Черный Хаягрива, Терма Гуру Чованга.
10 декабря
 Ваджрапани Дрекпа Кундул.
 Ваджрапани Тумпо Дракпо, Терма Чжангчуб Лингпы.
Ваджрапани, Терма Трапа Нонше.
11 декабря
Белый Манджушри, традиция Мати.
 Манджушри Маве Сенге, традиция Дампа Сангье.
Белая  Сарасвати.
12 декабря
Дордже Намджом, традиция Буддха Гухья.
 Дордже Намджом, Дженанг.
Дордже Намджом.
13 декабря
Локтрипала.
Нагаракша.

----------


## Jamtso

А что планируется в Волжске с ЛАчунгом Ринпоче?

----------


## Tenpa Sherab

15-16 декабря 2007 
Ретрит по практике Гуру Драгпо

----------


## Tenpa Sherab

20-21 декабря - вечер 19.00 -
 Посвящения Ванги из цикла Доджё Бумсанг. 

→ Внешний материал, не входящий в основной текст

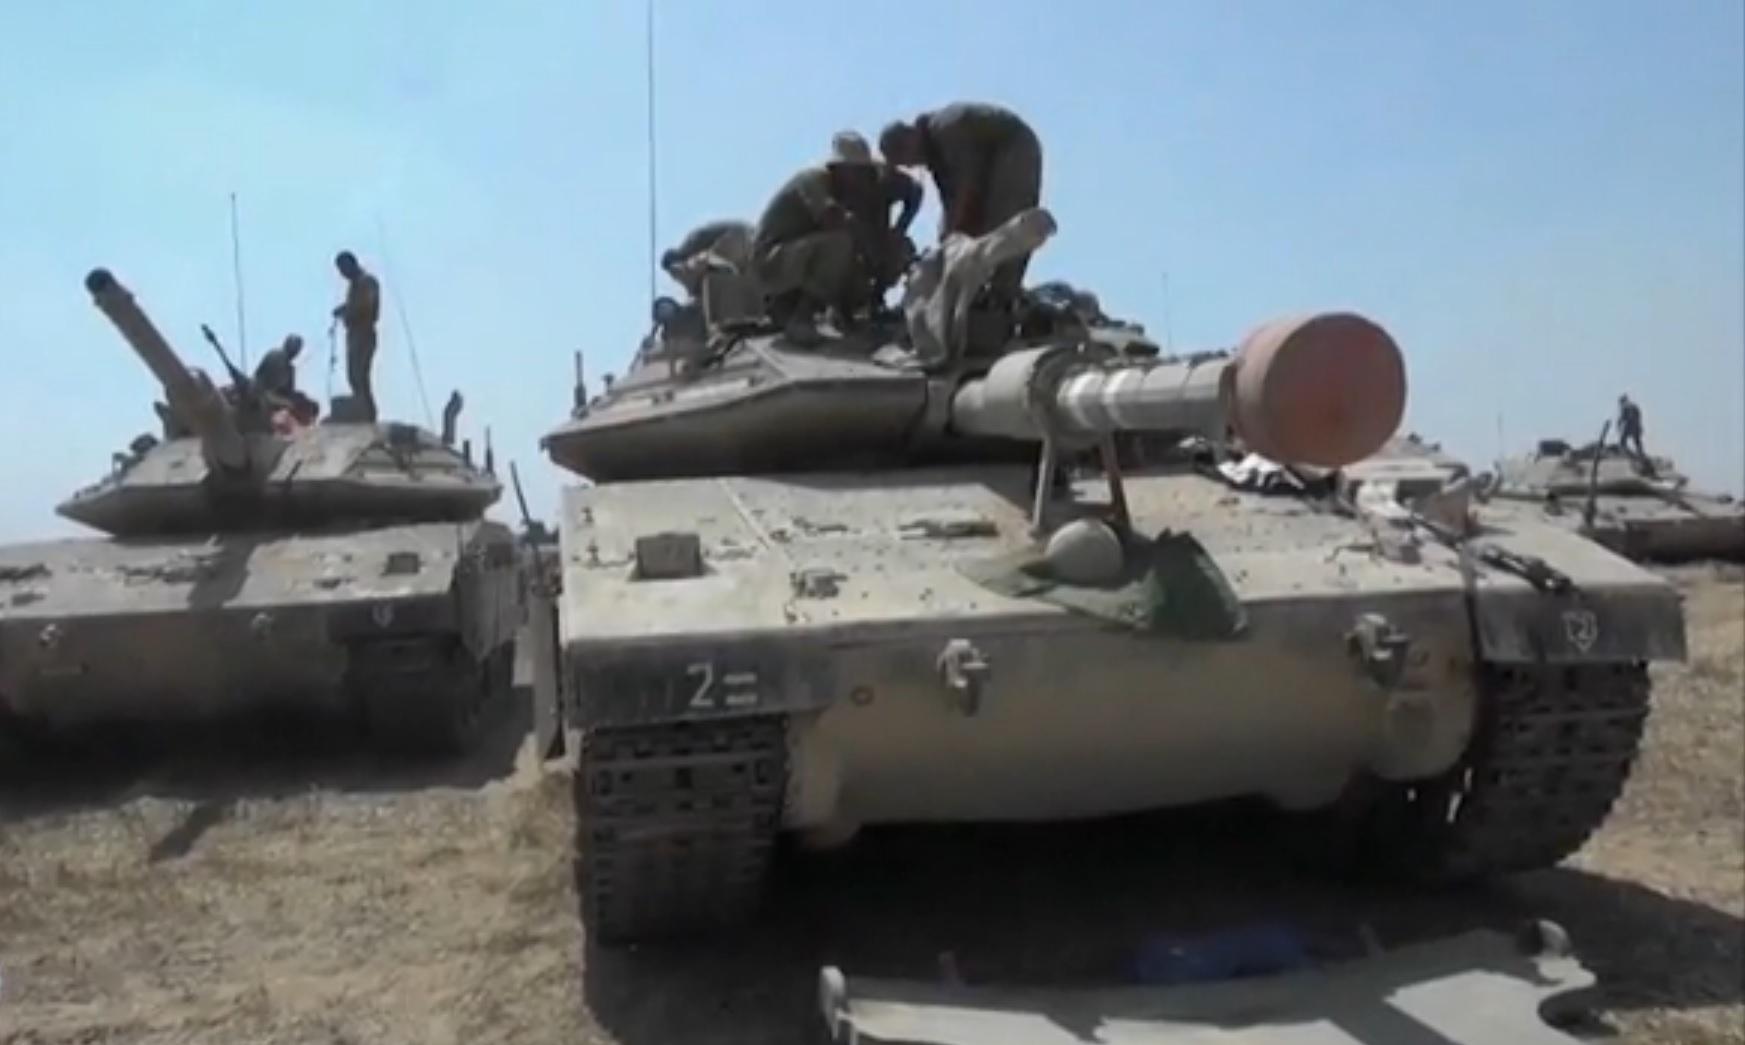 טנק ישראלי בגבול הרצועה במהלך מבצע צוק איתן (צילום מסך: יוטיוב)

22 декабря - утро 11.00  - 
 "Дорсем Недрен" - Ритуал Будды Ваджрасаттвы "проводящий" сознание умерших через нижние миры. Совместная практика и Цог.
Выполняется как для  недавно умерших людей, так и для тех,  кто уже давно 


23 декабря, утро 11.00, вечер 18.00  - 
Янгуг Цокье Туктик - Практика Притягивания Богатства (тиб. Янгуг) и Долгой Жизни (тиб. Цегуг). Будут изготавливаться Вазы Богатства-Янбум. Те, у кого они уже есть смогут повторно благословить их в ходе ритуала)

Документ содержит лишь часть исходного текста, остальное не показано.